Victoria sighed, wrapped her arms around his waist, and sniffed. “Thank you, Chance. I don’t mean to be selfish. I just don’t want to attend an important event like my prom with anyone but you. If that’s bad, then sue me.”
He grinned, and then looked up and caught his boss waving at them through the window. He’d never hear the end of this.
“Come on,” he urged. “You’ve got to get out of here before I get fired. Charlie’s back from lunch and I’ve got work to do.”
“Okay,” Victoria said, tilting her face up for her kiss.
Chance looked back through the window. Charlie was still there, waving…and grinning. He looked down at Victoria’s waiting lips and cursed softly to himself. She was worth it.
He bent down, tasted the soft, supple curves of Precious Pink h
e’d watched her applying minutes earlier, and knew that it was not enough.
“You in over your head, boy?” Charlie asked, as they both watched the red car dart out of the driveway and move into the flow of traffic.
“Probably,” he answered. “I just agreed to go to a damn prom.”
Charlie Rollins remembered his own, remembered his daughter’s high school years, and knew that Chance deserved a memory worth keeping, too.
“Well, if you’re goin’, you’ll be needin’ somethin’ to drive. You close for me every night this week, and you can drive my Olds.”

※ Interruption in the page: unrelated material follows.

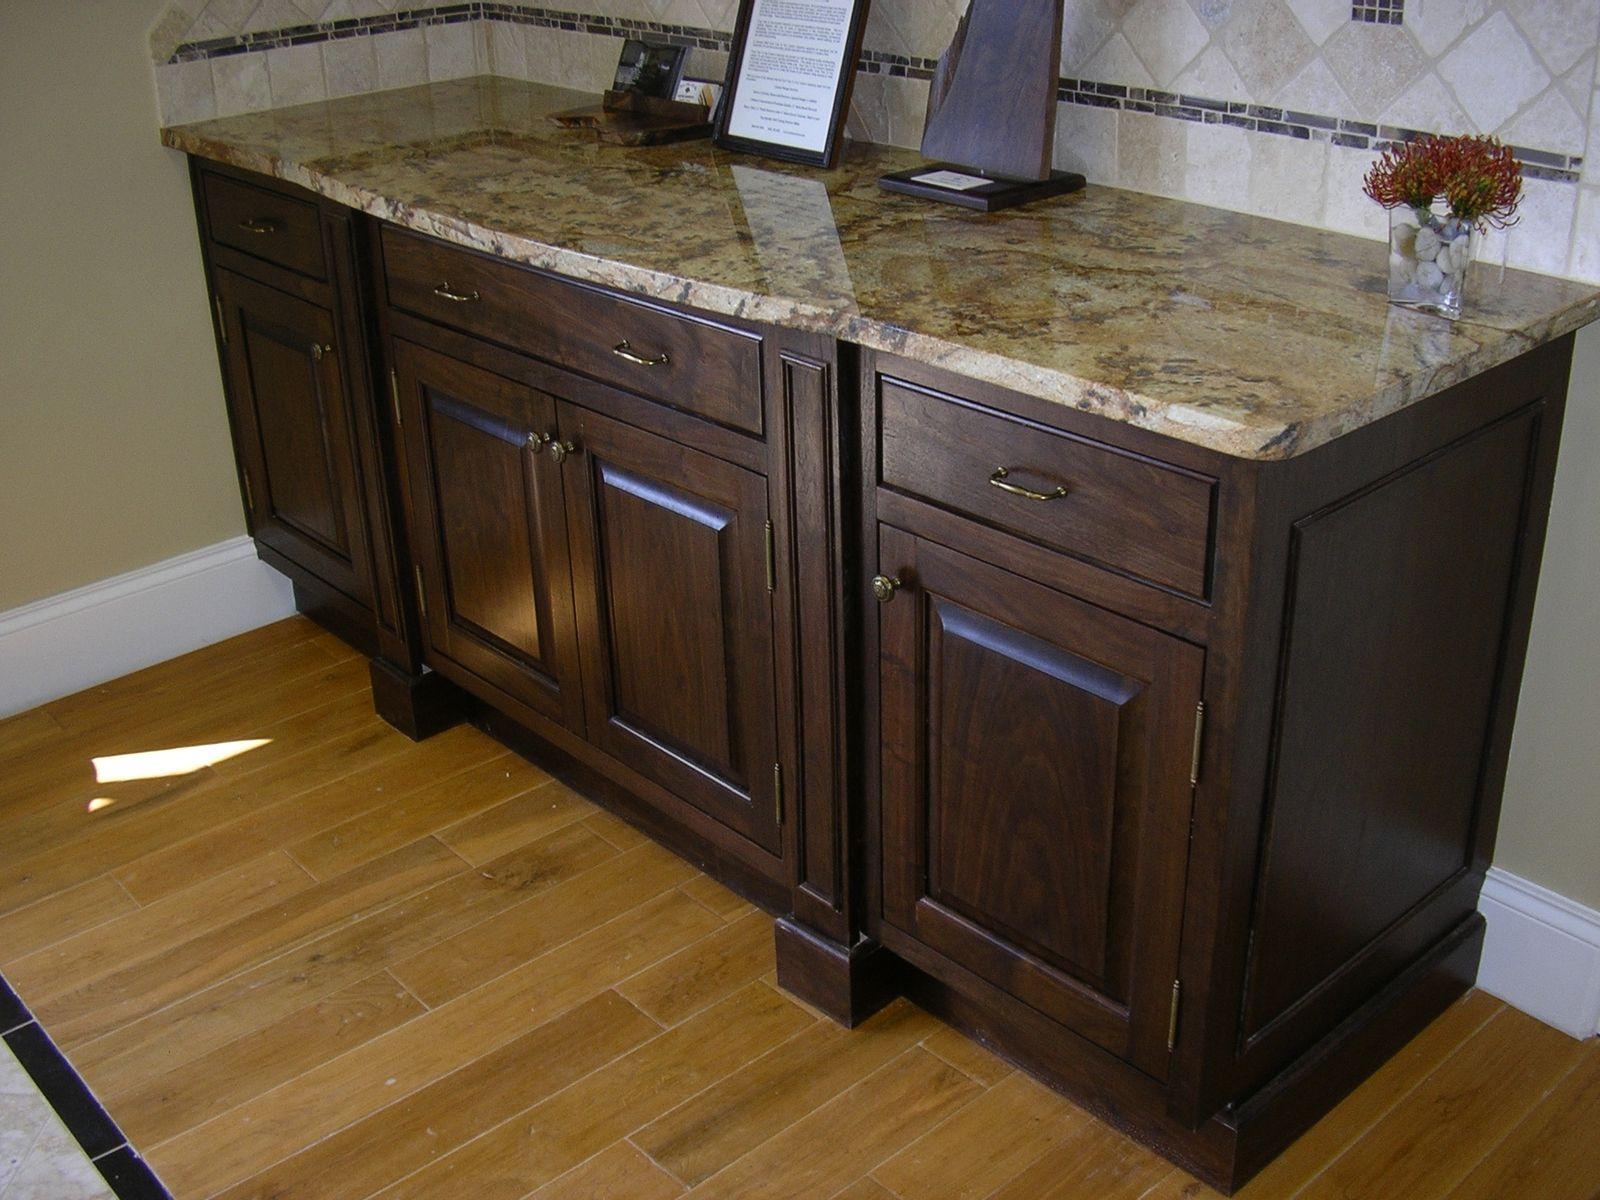 Granite Countertops for kitchen | Josh's To-Do List ...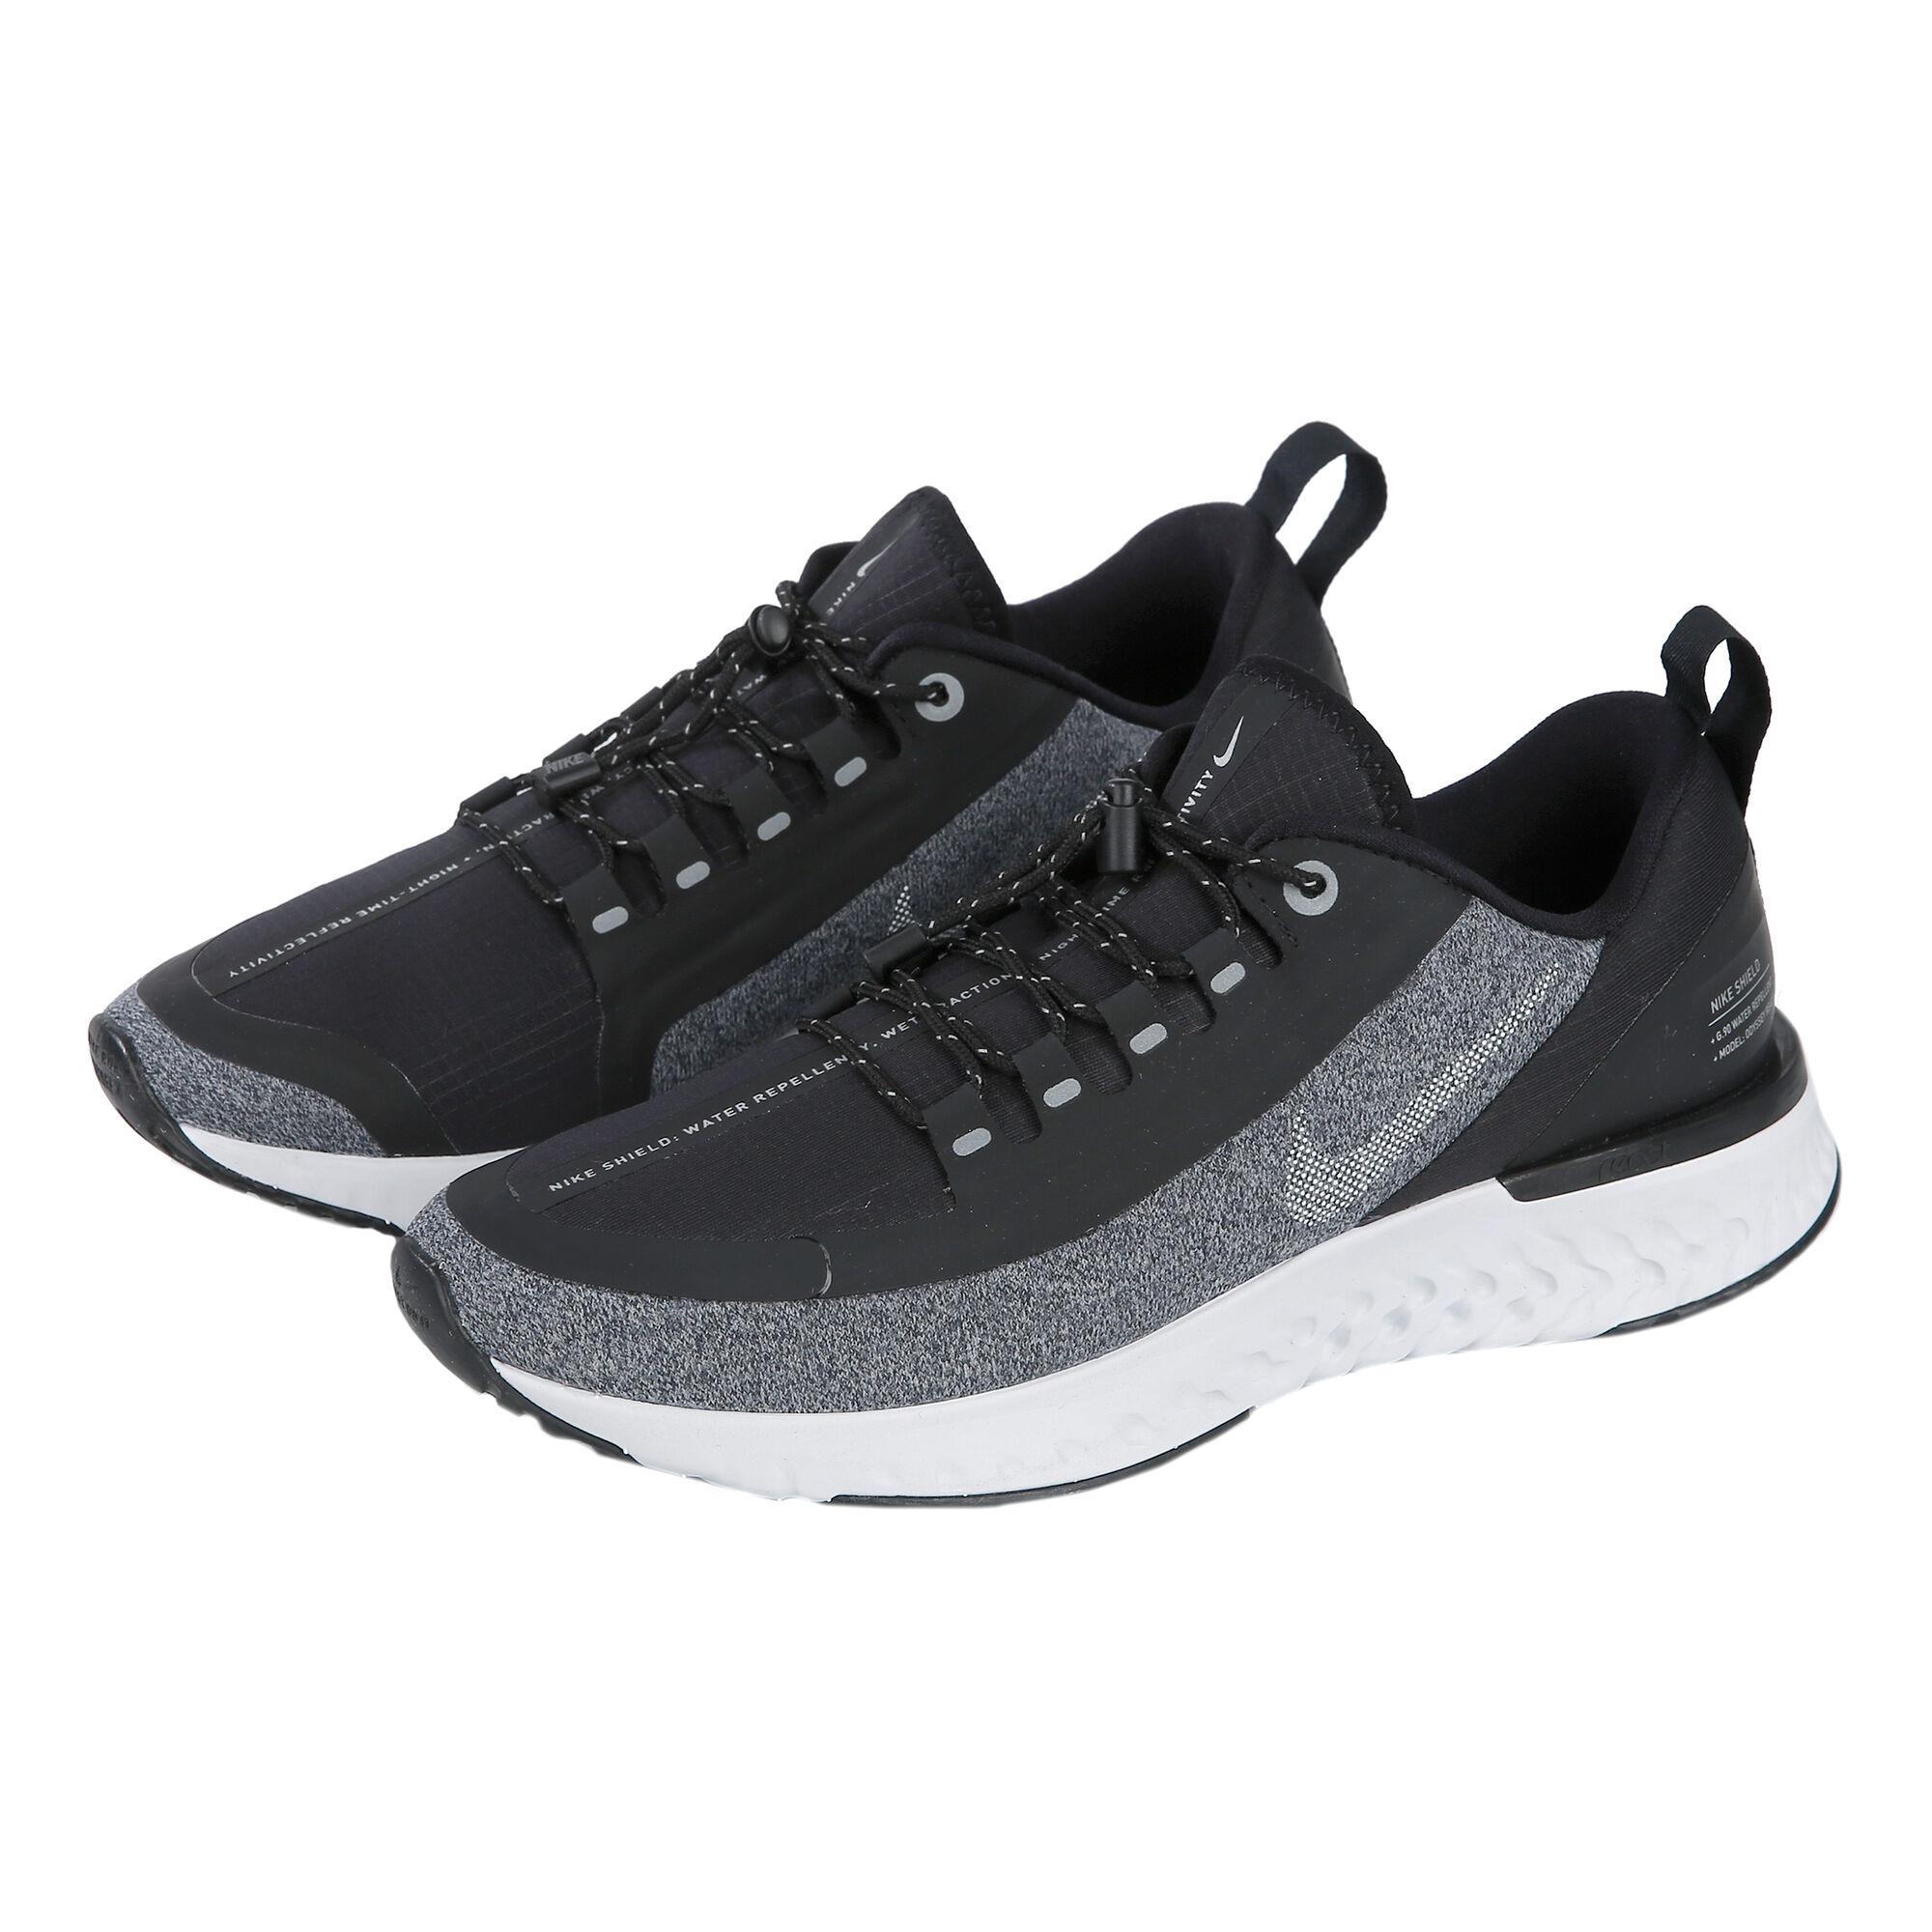 a0264482a868 ... Nike  Nike  Nike  Nike  Nike  Nike. Odyssey React Shield Women ...

Chance turned and stared. Charlie’s blue eyes got brighter and he fidgeted with the rag hanging out of his hip pocket.
“You don’t have to,” Chance finally managed to say, moved beyond words by the generosity of a man who was, by all rights, only his employer.
“I know that,” Charlie snapped. “That’s why I offered.”
Chance held out his hand. “It’s a deal.”
Charlie grinned. “Damn, but I like a good deal, don’t you, boy?”
Chance laughed. “Yeah, Charlie. And thanks to you, I just got one.”
Chance breathed a small prayer of thanksgiving that his mother had to work tonight. He didn’t want to explain what he was doing with his boss’s car, or why he was wearing a rented tux, or why he’d gotten a haircut. He glanced at the clock over the refrigerator, pulled nervously at the bow tie he’d finally managed to fasten, and opened the refrigerator door. The corsage was still there! A cluster of pale pink miniature carnations haloed with something the florist had called baby’s breath.
He hoped it would do. All Victoria had said was it needed to be pink. He grabbed the box off the shelf, checked his pocket for money and keys, and headed for the door. It was time!
The drive to Midland didn’t take long. But it might as well have been to the moon. The farther Chance drove from Odessa, the more he realized that he was in over his head. He’d never, not once in all his eighteen years, let a girl get to him like Victoria had. And to top it all off, they’d never even gotten close to making out. He frowned at the thought. Somehow, making out wasn’t a term he could associate with the tall, blond girl with flashing green eyes. Making love…maybe. But making out?